Nofollow is intended as an anti-spam measure. Anybody can edit a Wikipedia page, so spammers can and do insert links to their unwanted sites, thereby leeching off the popularity of Wikipedia. Nofollow will reduce spammers' incentives by depriving them of any link love. Or that's the theory, at least. Bloggers tried using nofollow to attack comment spam, but it didn't reduce spam: the spammers were still eager to put their spammy text in front of readers.
Is nofollow a good idea for Wikipedia? It depends on your general attitude toward Wikipedia. The effect of nofollow is to reduce Wikipedia's influence on search engine rankings (to zero). If you think Wikipedia is mostly good, then you want it to have influence and you'll dislike its use of nofollow. If you think Wikipedia is unreliable and random, then you'll be happy to see its influence reduced.
As with regular love, it's selfish to withhold link love. Sometimes Wikipedia links to a site that competes with it for attention. Without Wikipedia's link love, the other site will rank lower, and it could lose traffic to Wikipedia. Whether intended or not, this is one effect of Wikipedia's action.

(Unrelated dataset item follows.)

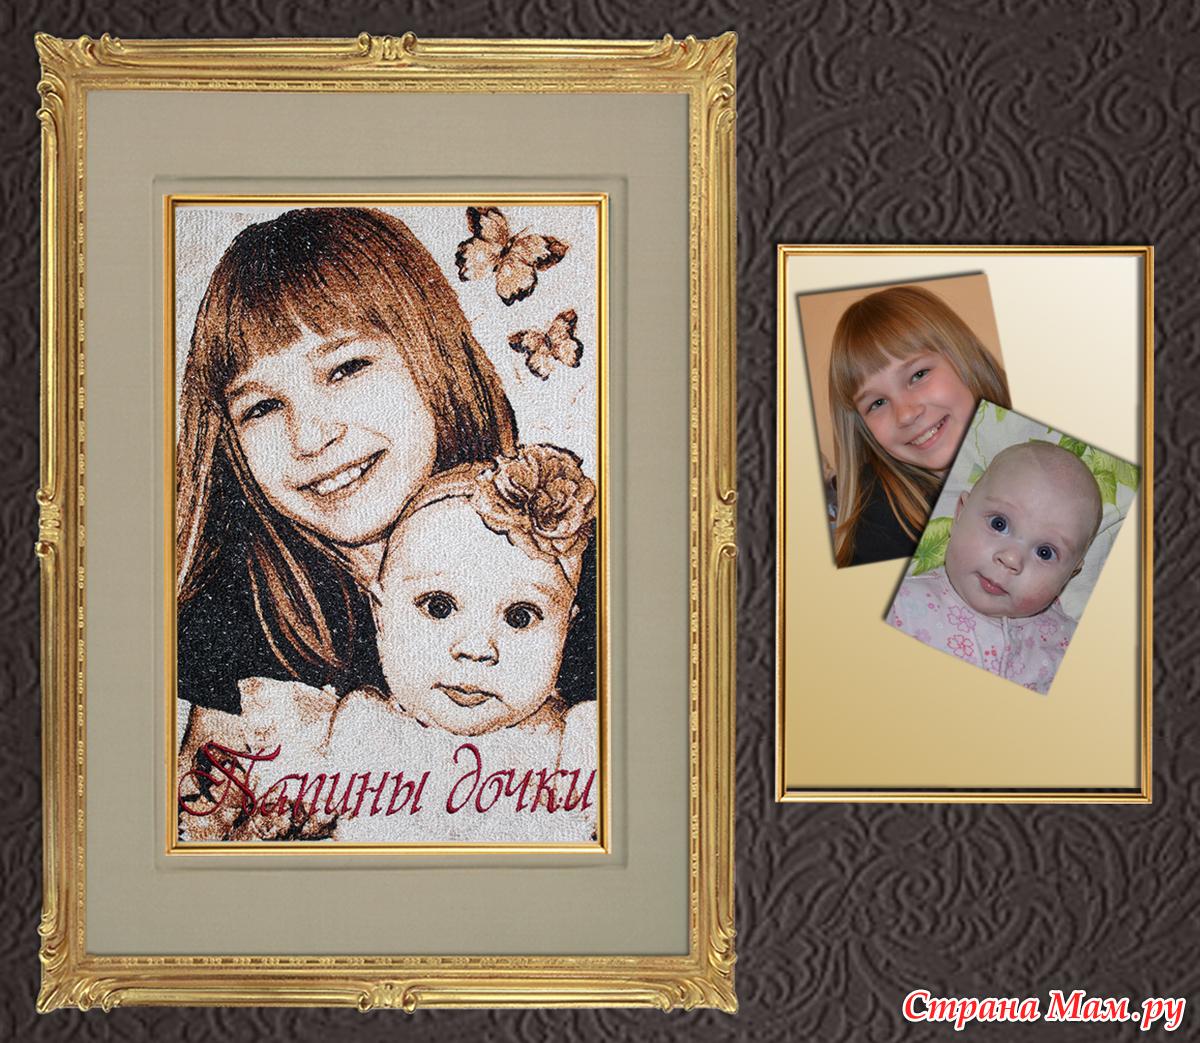 Вышивка крестиком портрет по фото

There are things Wikipedia could do to restore some of its legitimate link love without helping spammers. It could add nofollow only to links that are suspect – links that are new, or were added by an user without a solid track record on the site, or that have survived several rewrites of a page, or some combination of such factors. Even a simple policy of using nofollow for the first two weeks might work well enough. Wikipedia has the data to make these kinds of distinctions, and it's not too much to ask for a site of its importance to do the necessary programming.
But the one element missing so far in this discussion is the autonomy of the search engines. Wikipedia is asking search engines not to assign link love, but the search engines don't have to obey. Wikipedia is big enough, and quirky enough, that the search engines' ranking algorithms probably have Wikipedia-specific tweaks already. The search engines have surely studied whether Wikipedia's link love is reliable enough – and if it's not, they are surely compensating, perhaps by ignoring (or reducing the weight of) Wikipedia links, or perhaps by a rule such as ignoring links for the first few weeks.
Whether or not Wikipedia uses nofollow, the search engines are free to do whatever they think will optimize their page ranking accuracy. Wikipedia can lead, but the search engines won't necessarily nofollow.

I have a site that someone linked a couple years ago (the site is the #1 resource for this particular subject) on Wikipedia. My site is small and I appreciated the "link love" from a high-ranking site like Wikipedia. Therefore, I'm all for them figuring-out how to properly handle the nofollow situation.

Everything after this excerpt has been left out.